IA: How do you envision the future of aged care, and what are some of the emerging trends or practices that you think will shape the industry moving forward? 

Kate: It sure is an interesting time for aged care with rapid changes happening within the industry. While at the moment it may seem overwhelming with transformations, I feel that these changes are putting the focus on aged care being very much a specialty. I am hopeful that the attention to care minutes will have a positive impact on the workloads of aged care so more quality time can be spent meeting the emotional well-being of residents.

I am also excited about the attention dementia care is getting with the introduction of the Specialist Dementia Care Program Unit and I am looking forward to seeing key learnings from this program being implemented into mainstream dementia care units. While the industry is challenging at the moment, I am hopeful and excited about the industry moving forward and glad to be involved in the revolution of the industry.       

IA: What advice would you give to someone who is considering a career in aged care, especially those who aspire to grow into a leadership position like you? 

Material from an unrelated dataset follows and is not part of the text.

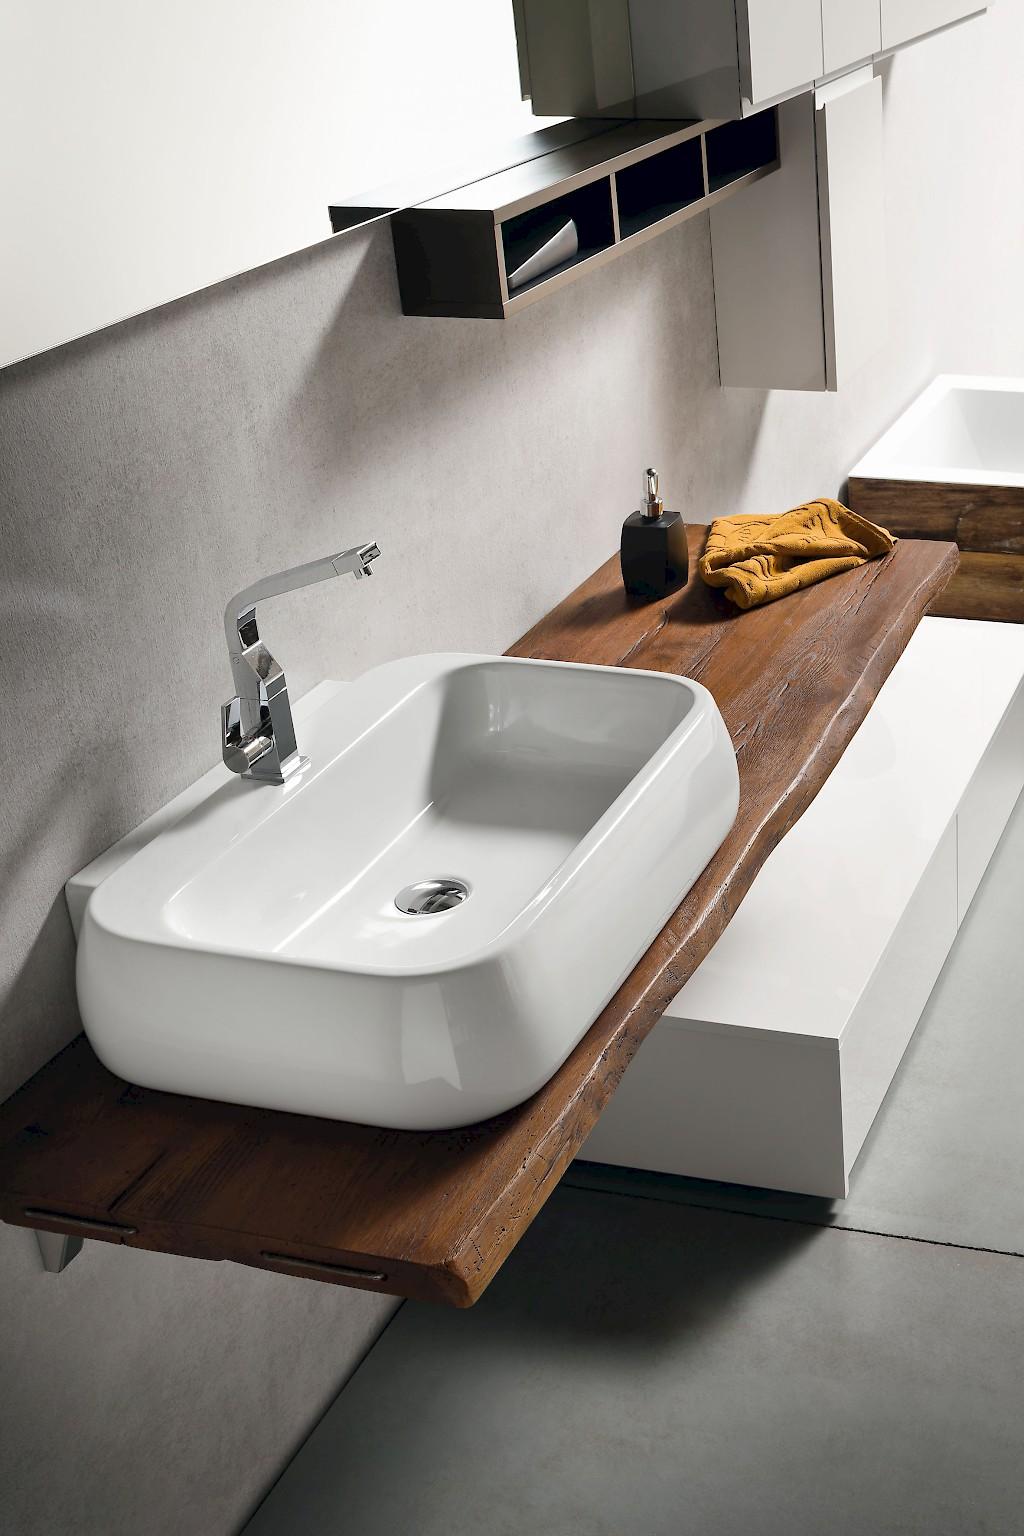 Top Bagno Legno Pictures - Modern Home Design - orangetech.us
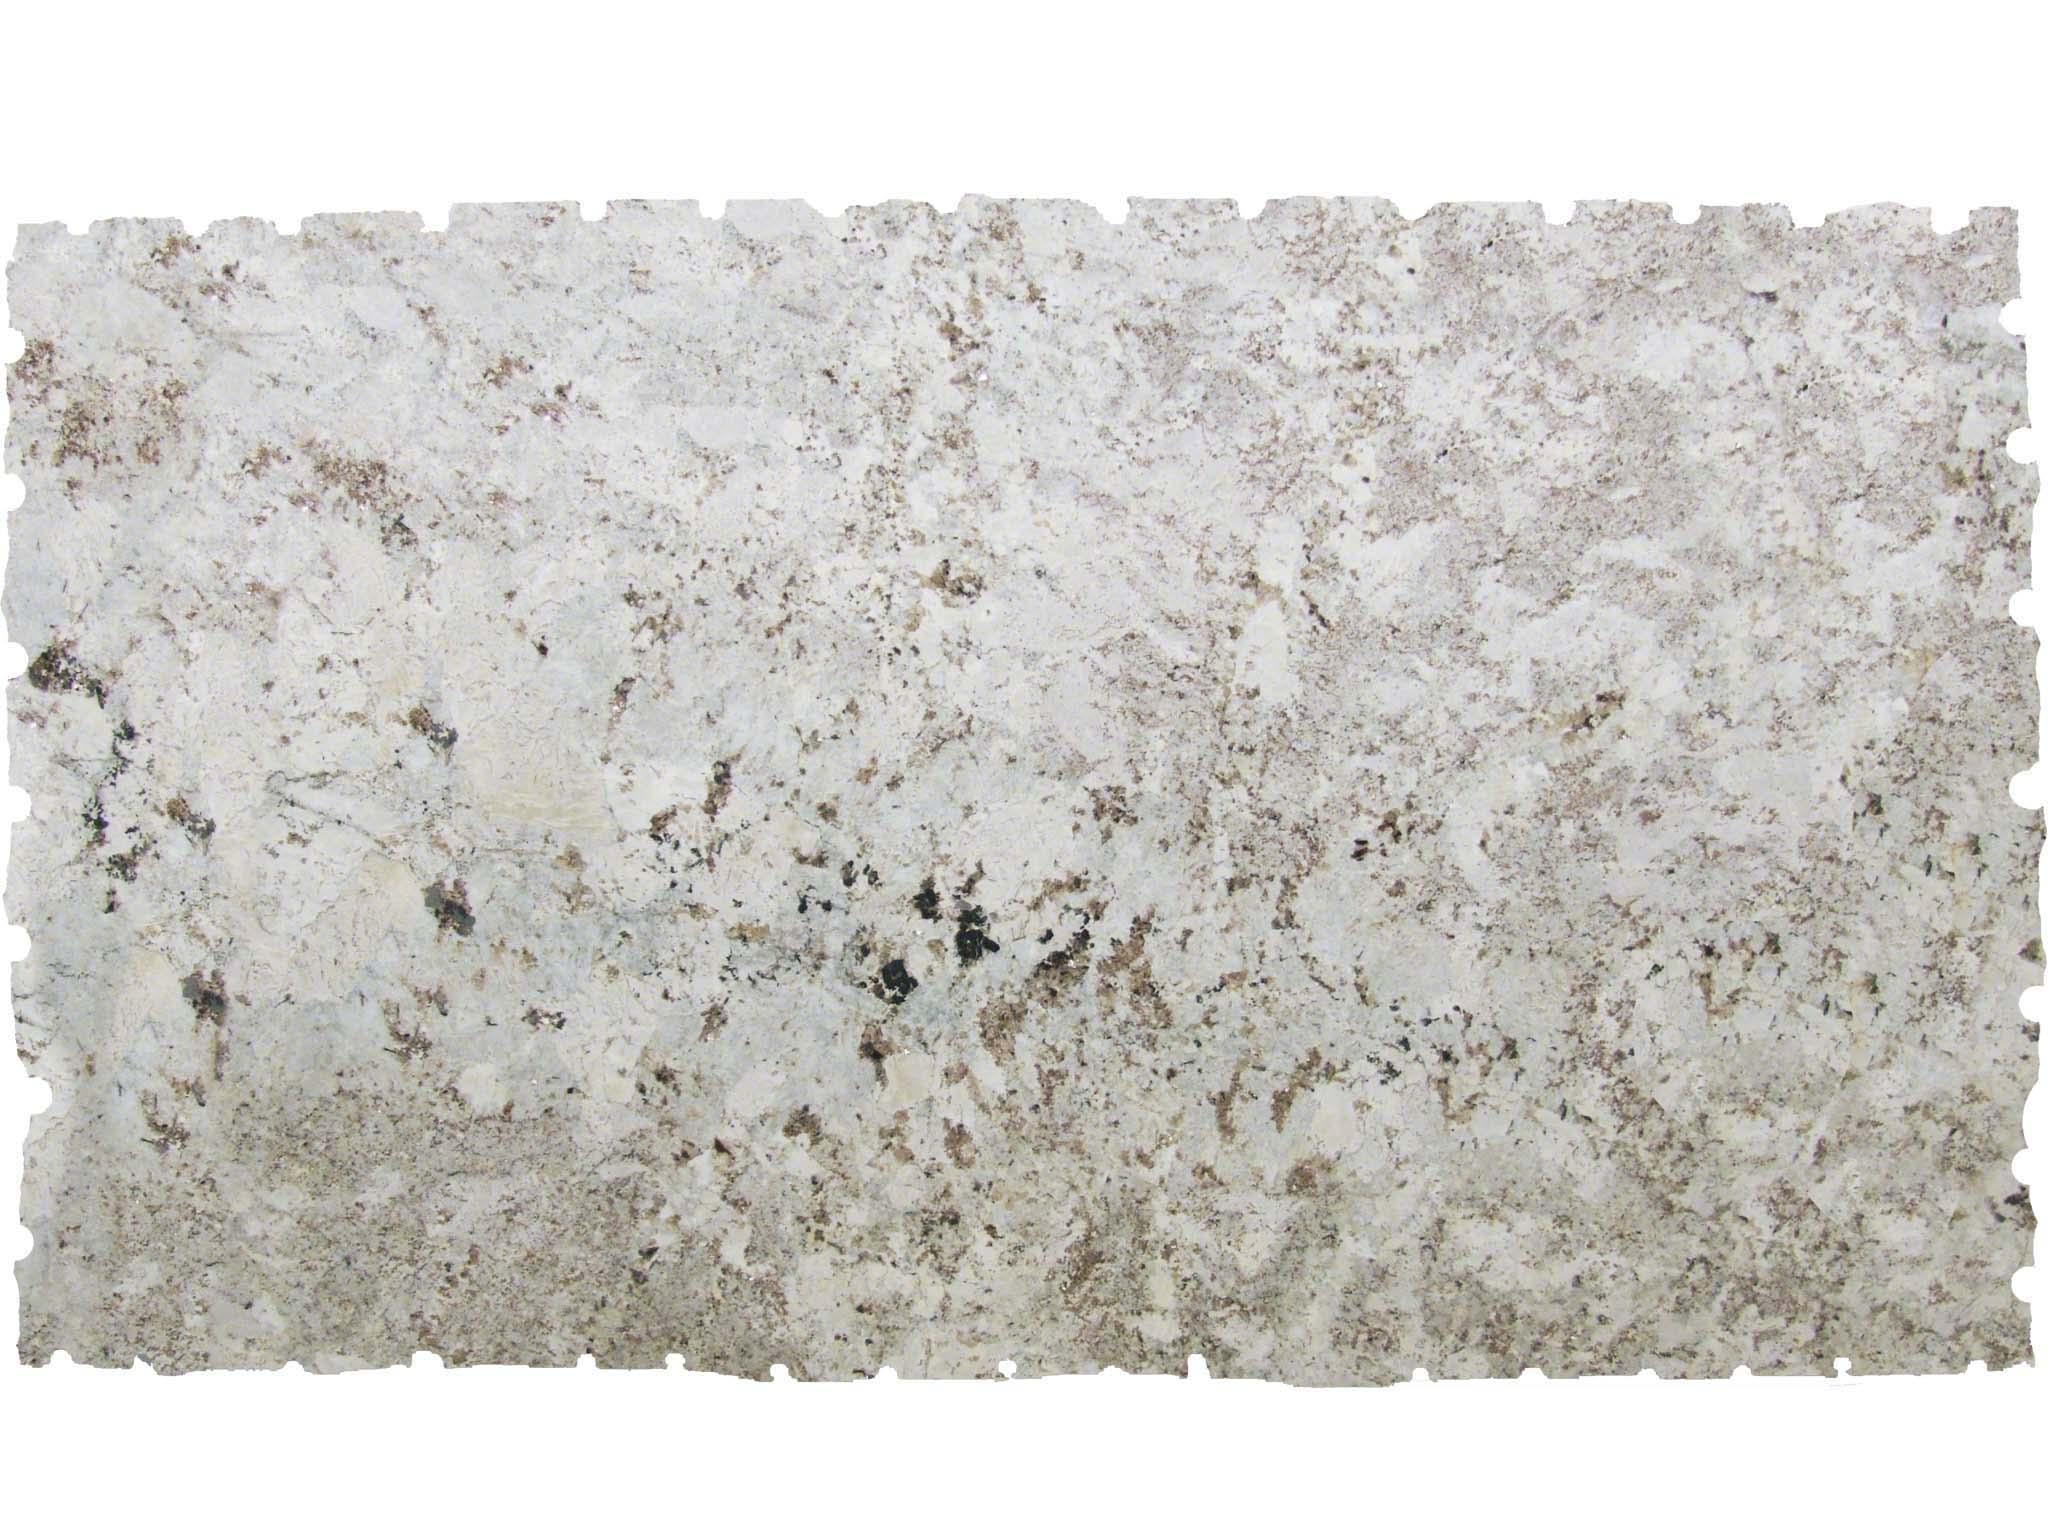 Alaska White Granite Accent Countertops

Kate: You won’t look back. Of course, it helps to find the right organisation that fits with your values and fosters professional development. Aged care has provided me with many opportunities that have assisted in my professional development and my career progression. I did go back to the acute care sector for some time to see if the grass was greener but found that the aged care sector could better support my career in leadership roles. So, if a leadership role is a career aspiration, I would highly recommend exploring a career in aged care.